"""

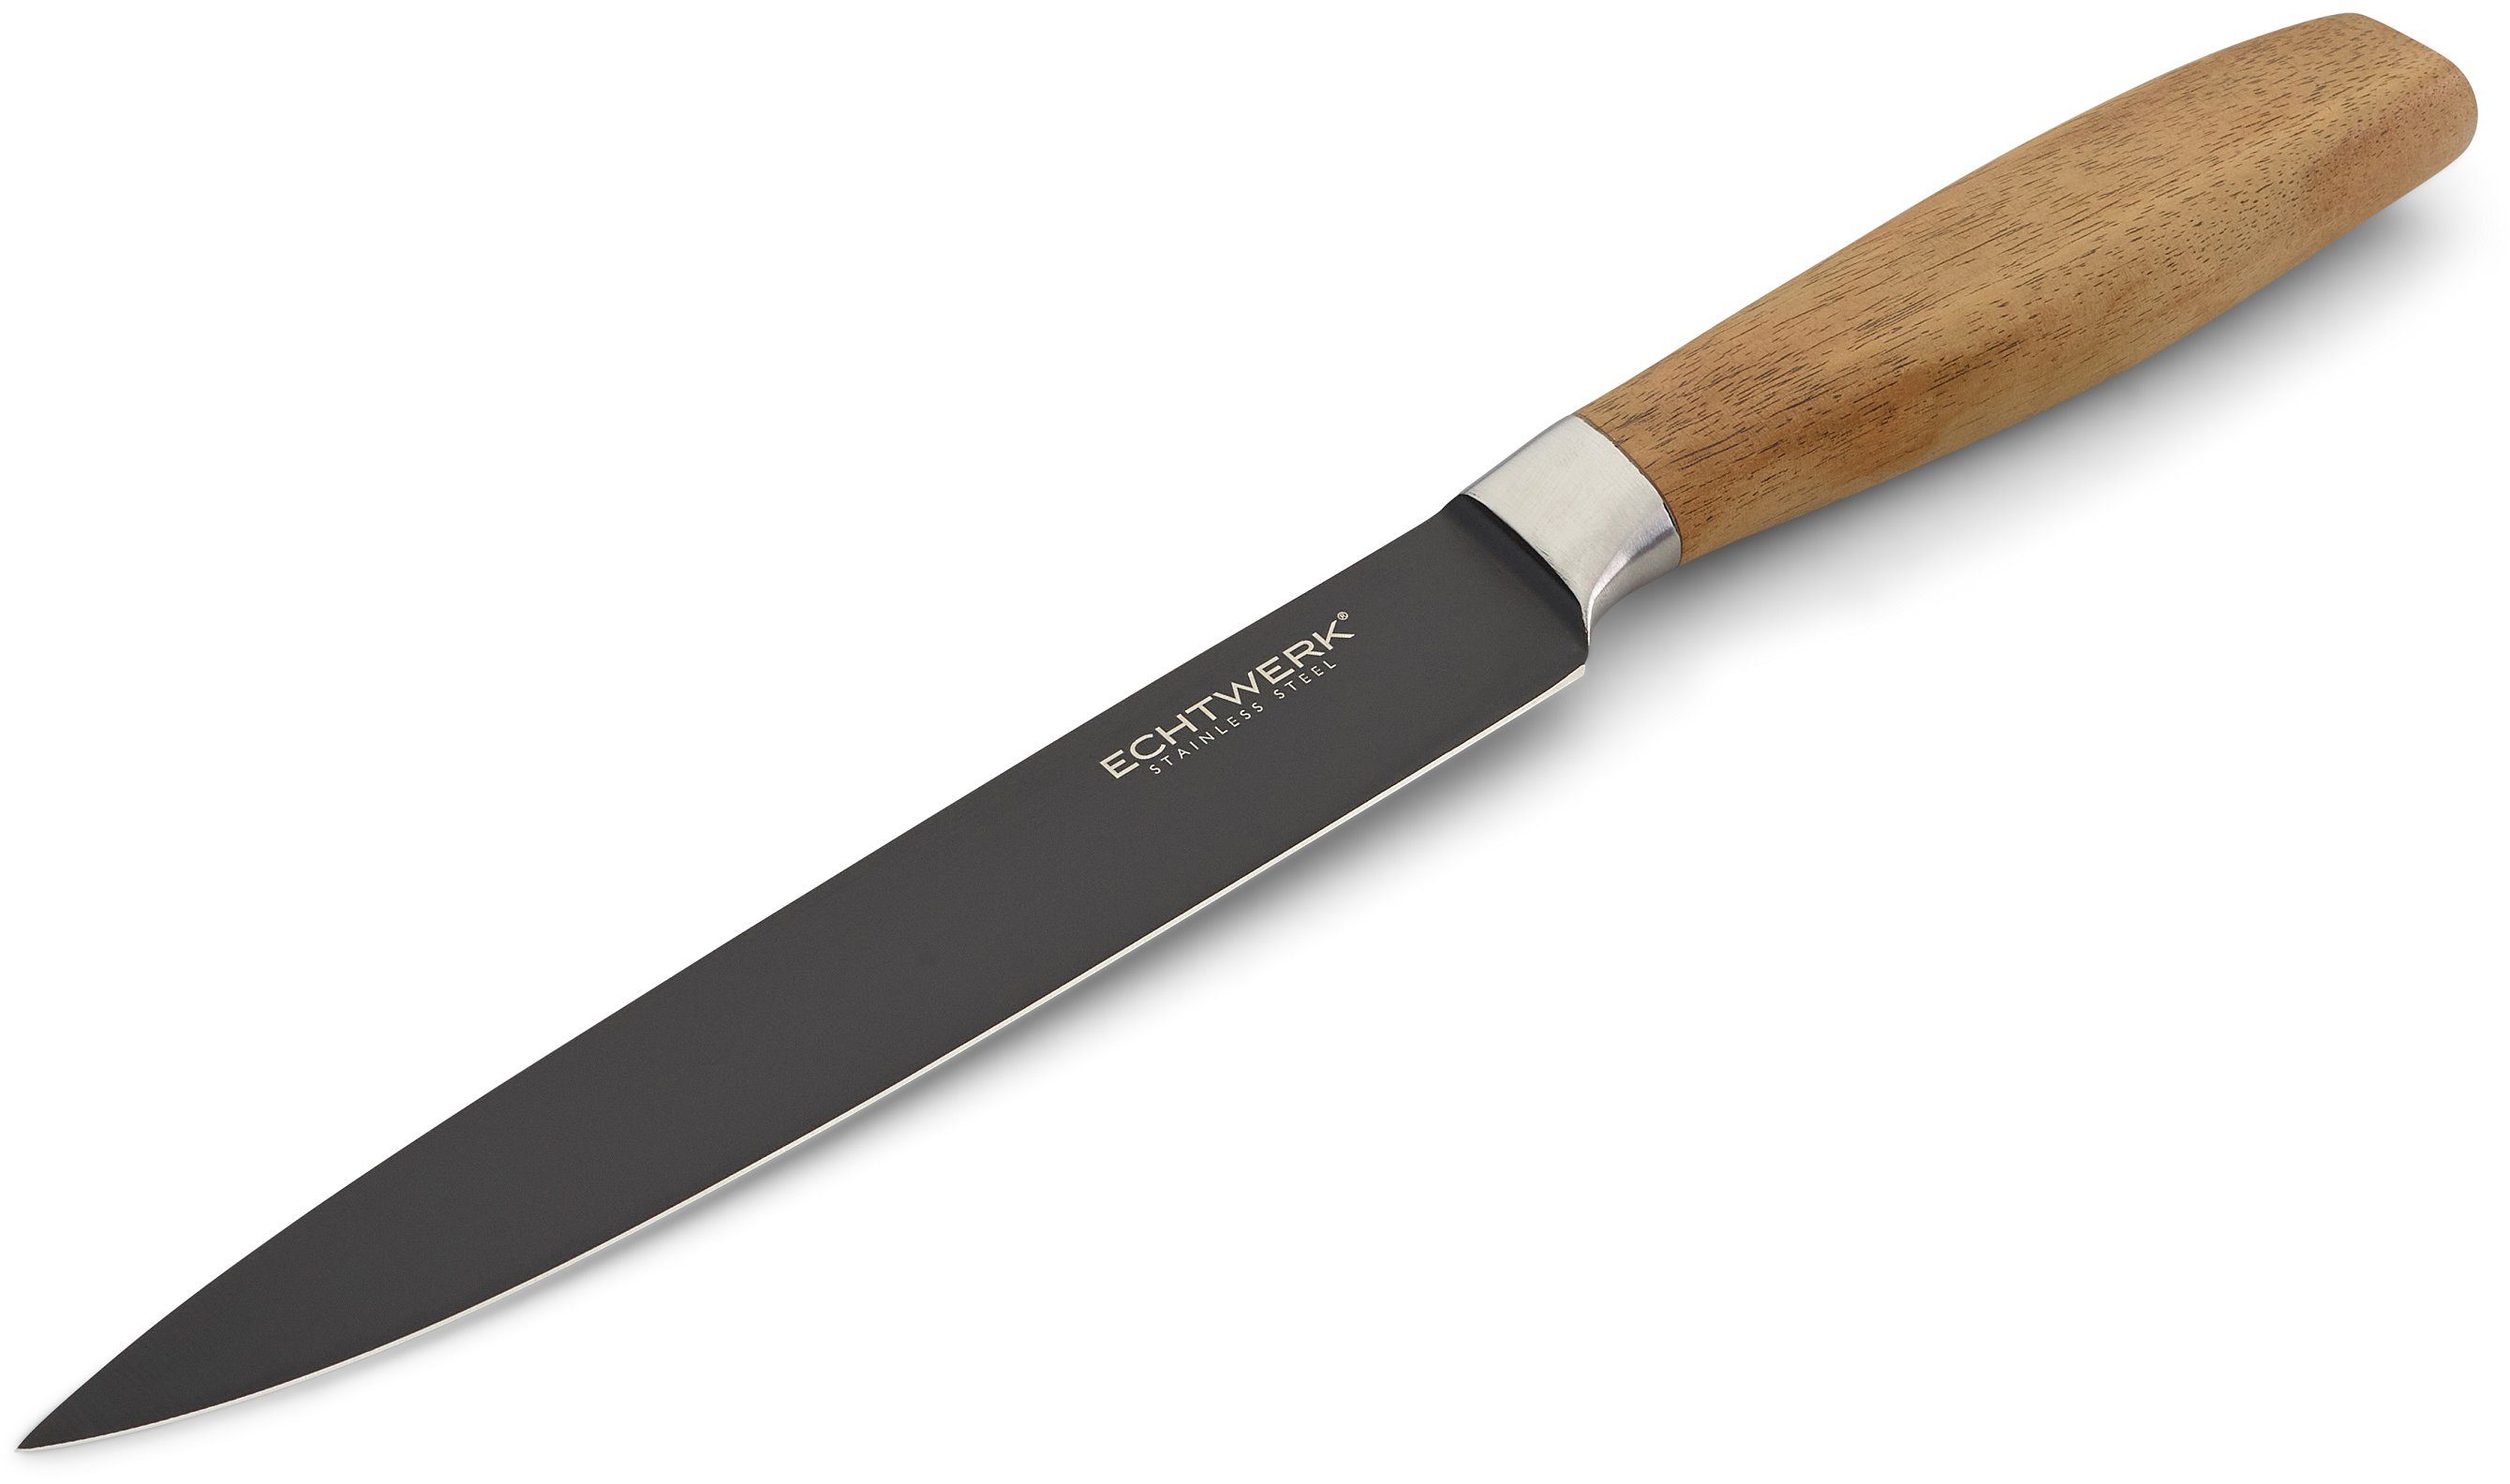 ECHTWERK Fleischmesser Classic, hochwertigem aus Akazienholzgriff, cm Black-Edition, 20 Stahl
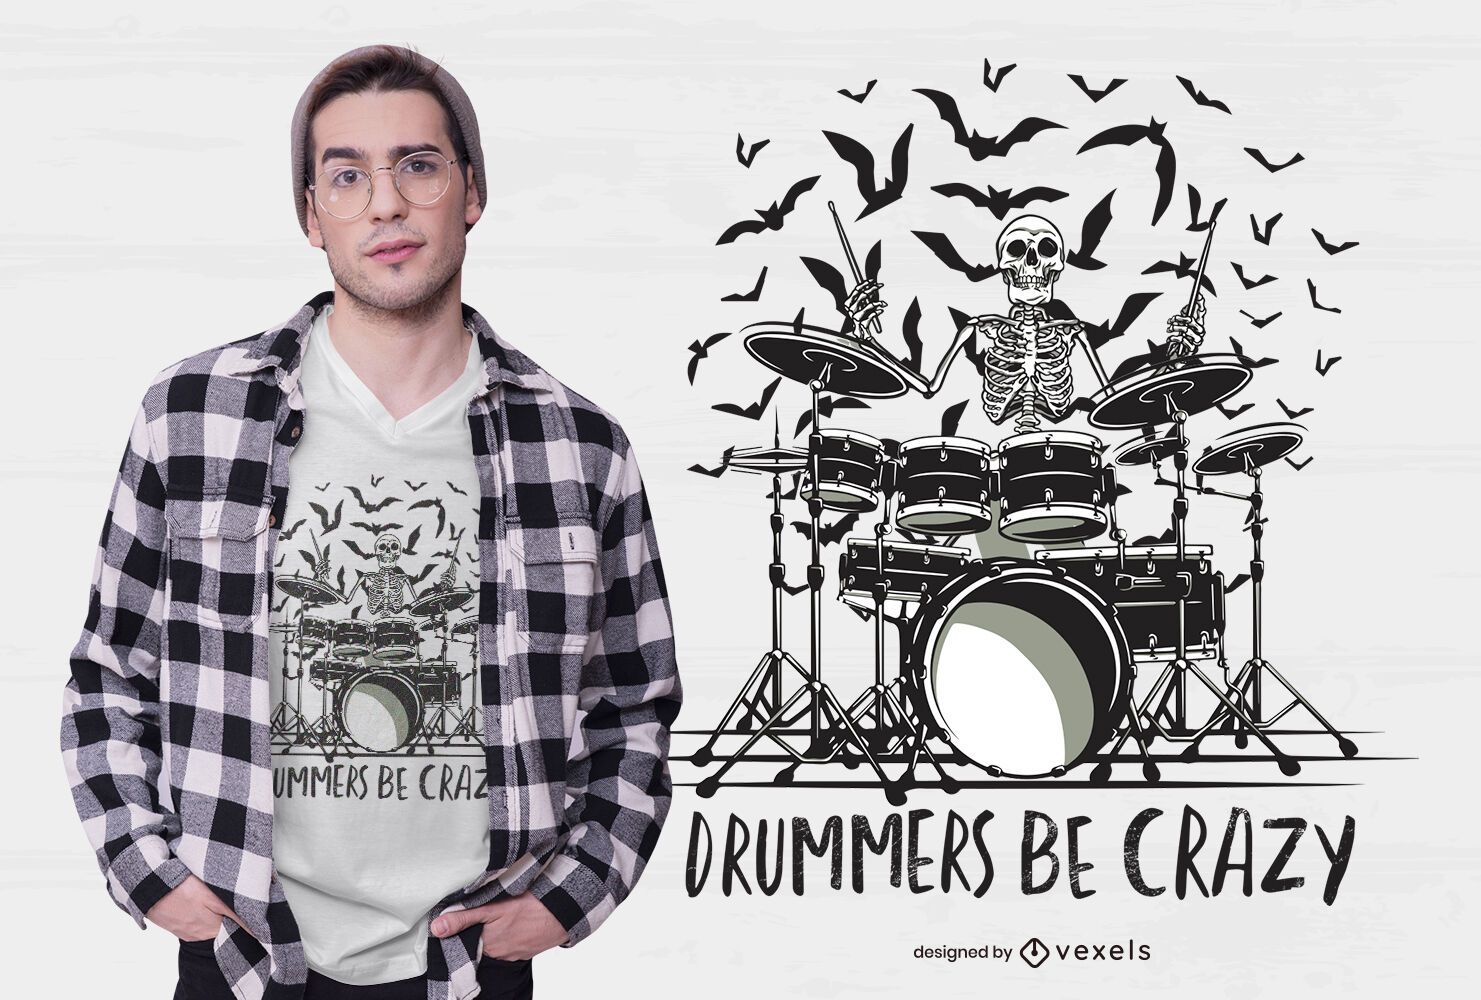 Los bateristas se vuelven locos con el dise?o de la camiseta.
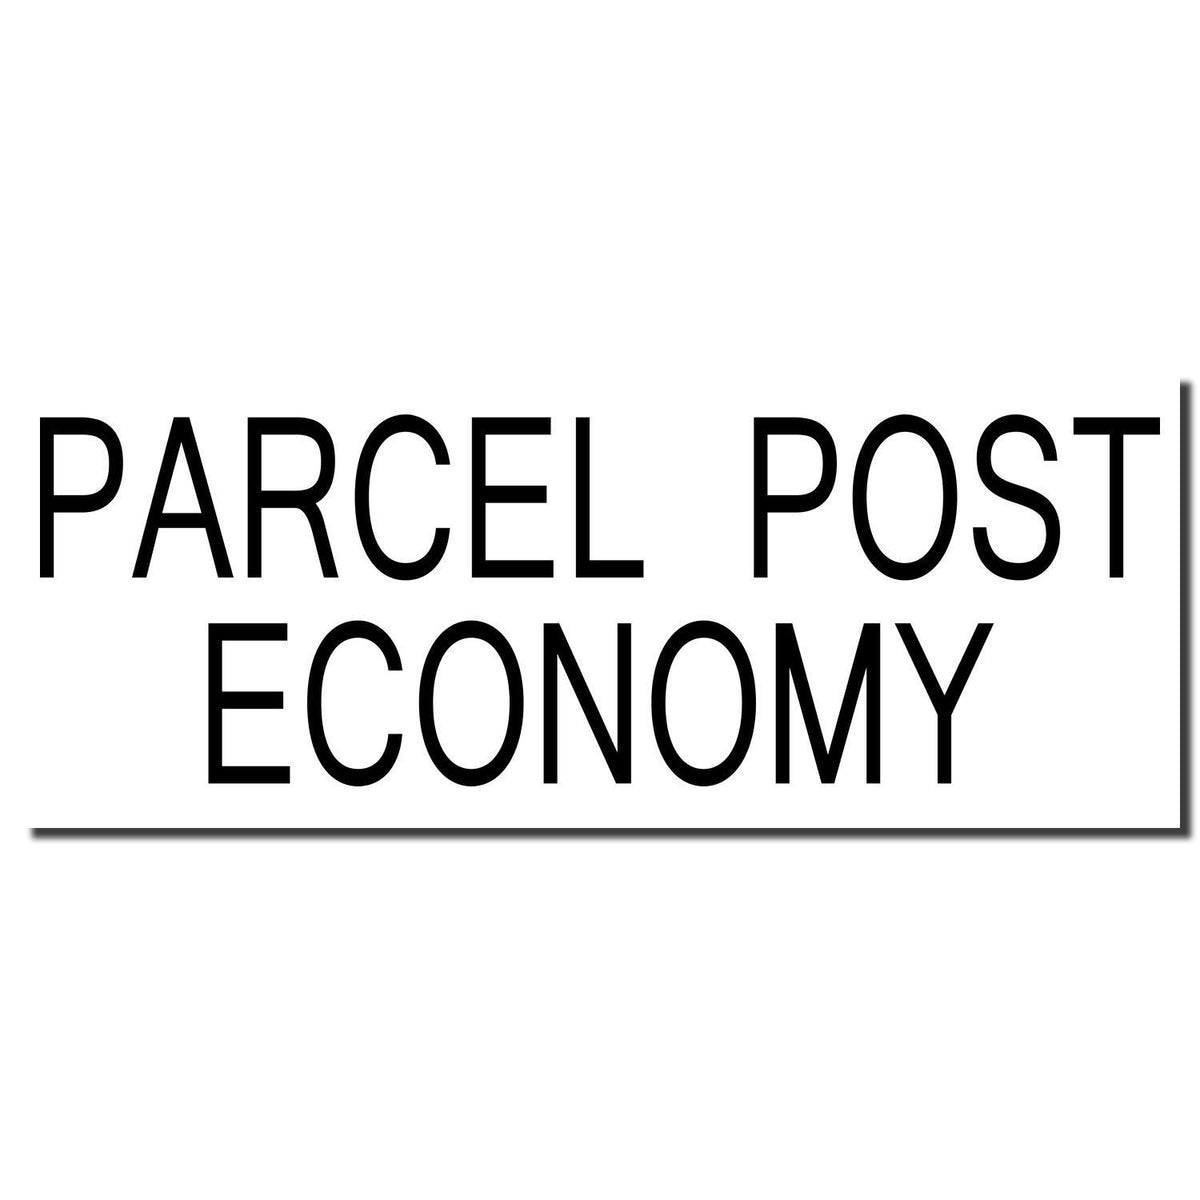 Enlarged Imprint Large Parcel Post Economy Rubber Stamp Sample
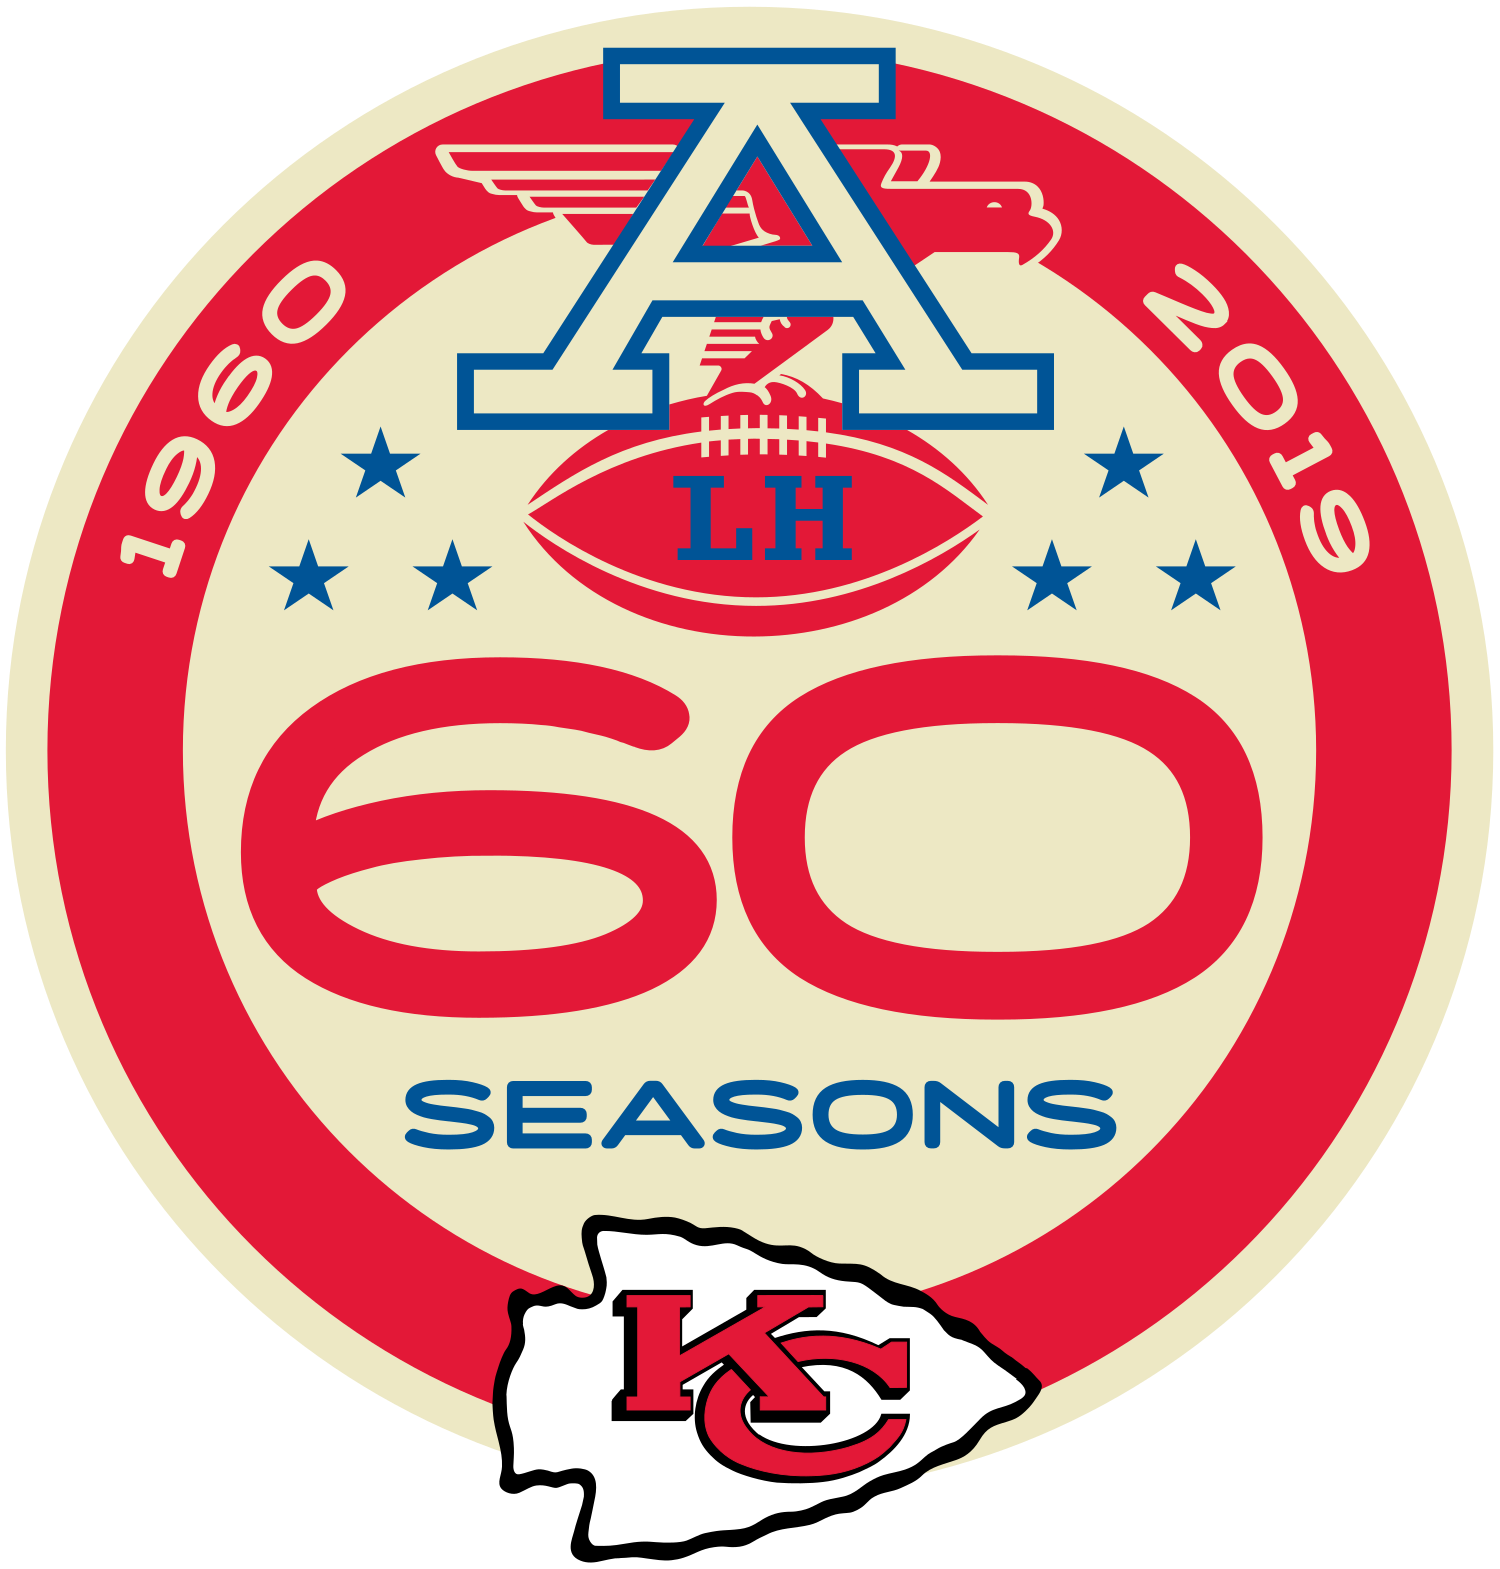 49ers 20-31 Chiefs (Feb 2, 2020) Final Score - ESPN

"""

What to work on:
Emit the lines of the data above from the one containing "Enlarged Imprint Large" through its final line, both endpoints included. Pictures do not belong in the output.

Solved exercise:
 Enlarged Imprint Large Parcel Post Economy Rubber Stamp Sample
 49ers 20-31 Chiefs (Feb 2, 2020) Final Score - ESPN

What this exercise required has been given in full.